1. Step 1:- Check MOA of Both company whether it allows to merge or not and object of another company is allowed to the another company or not

2. Step 2:- Hold Board meeting and pass BR to approve the merger & prepare proposed scheme of merger & approve it.

3. Step 3:– Send proposed scheme of merger to ROC & Official liquidator in Form CAA-9 & they shall send objections if any within 30 days of receipt of scheme

4. Step 4:– File declaration of solvency to ROC in CAA-10 by both companies.

5. Step 5:– Consider objections received from ROC/OL if any, and send a notice to all the shareholders of the company at least 21 days before the meeting and get approval of at least 90% shareholders in value.

6. Step 6:- Send notice to all creditors of the company at least 21 days before the meeting and get approval of at least 90 %creditors in value.

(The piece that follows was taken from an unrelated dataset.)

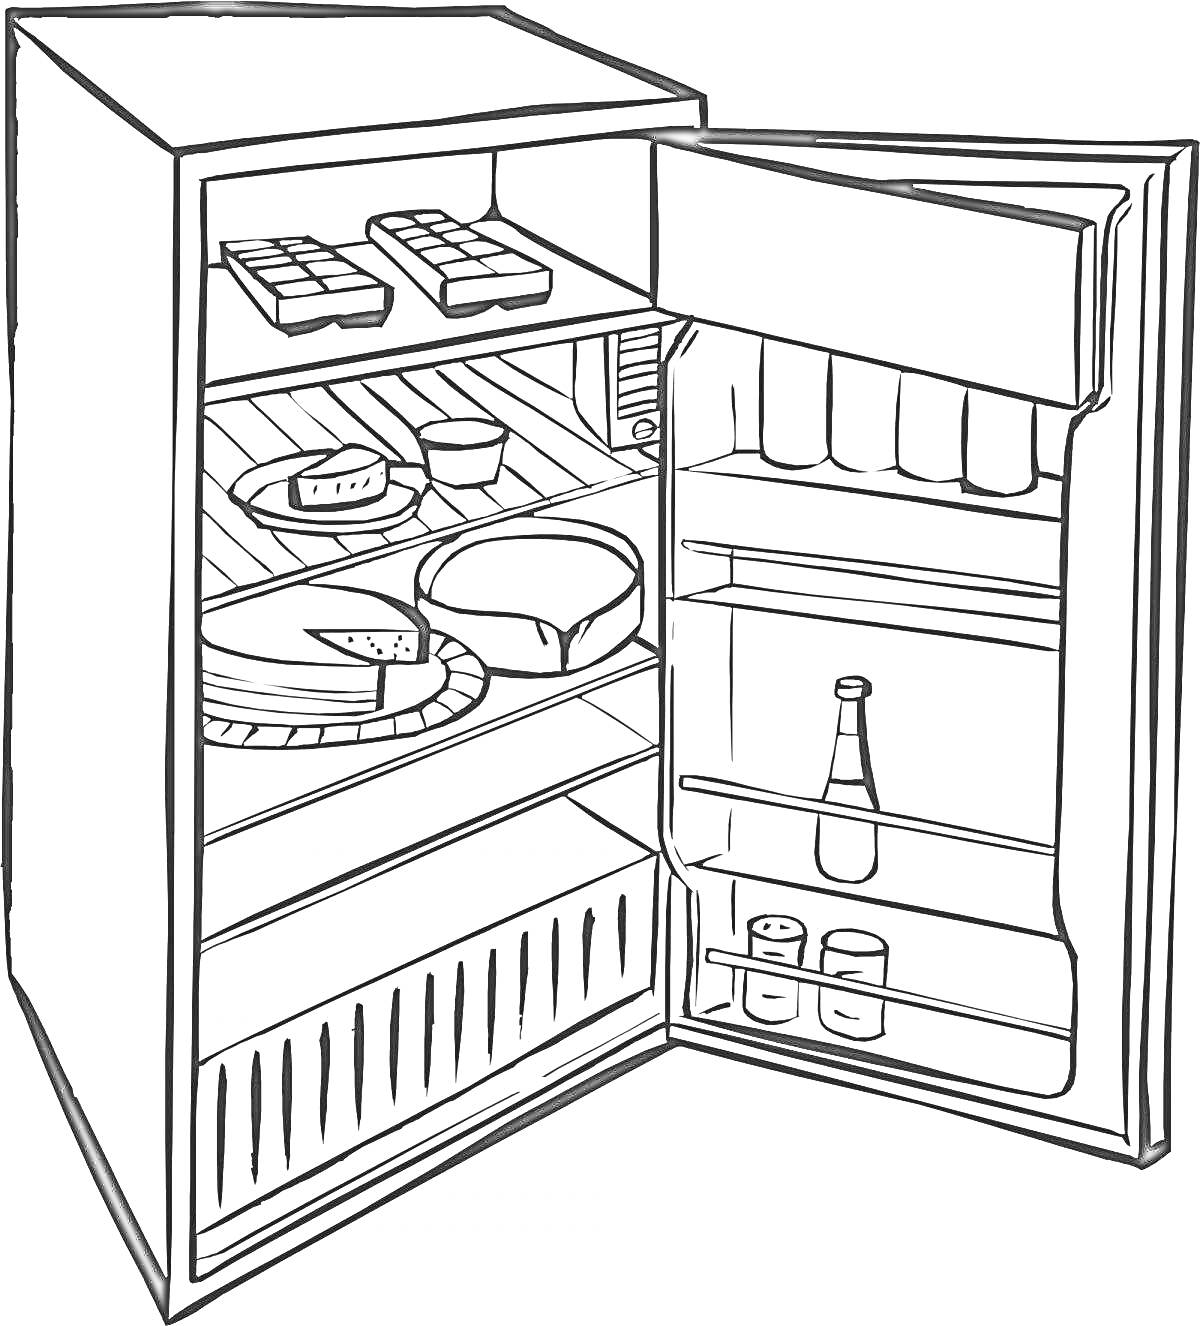 Раскраска Открытый холодильник с едой и напитками (полки с продуктами, дверца с бутылкой и банками)

7. Step 7:– Transferee Company shall within 7 days of conclusion of meeting of creditor or member file copy of scheme and result of meeting in Form CAA-11 to Central Government & Official Liquidator.

8. Step 8:– File form CAA-11 & GNL-1 to ROC.

9. Step 9:– Central Government will ask to ROC that if there is any objection or not which ROC has to reply in 30 days.

10. Step 10:– If ROC gives any objections and Central Government is at the opinion that there is objection in the scheme then CG shall communicate to NCLT in CAA-13 within 60 days of receipt of objection from ROC.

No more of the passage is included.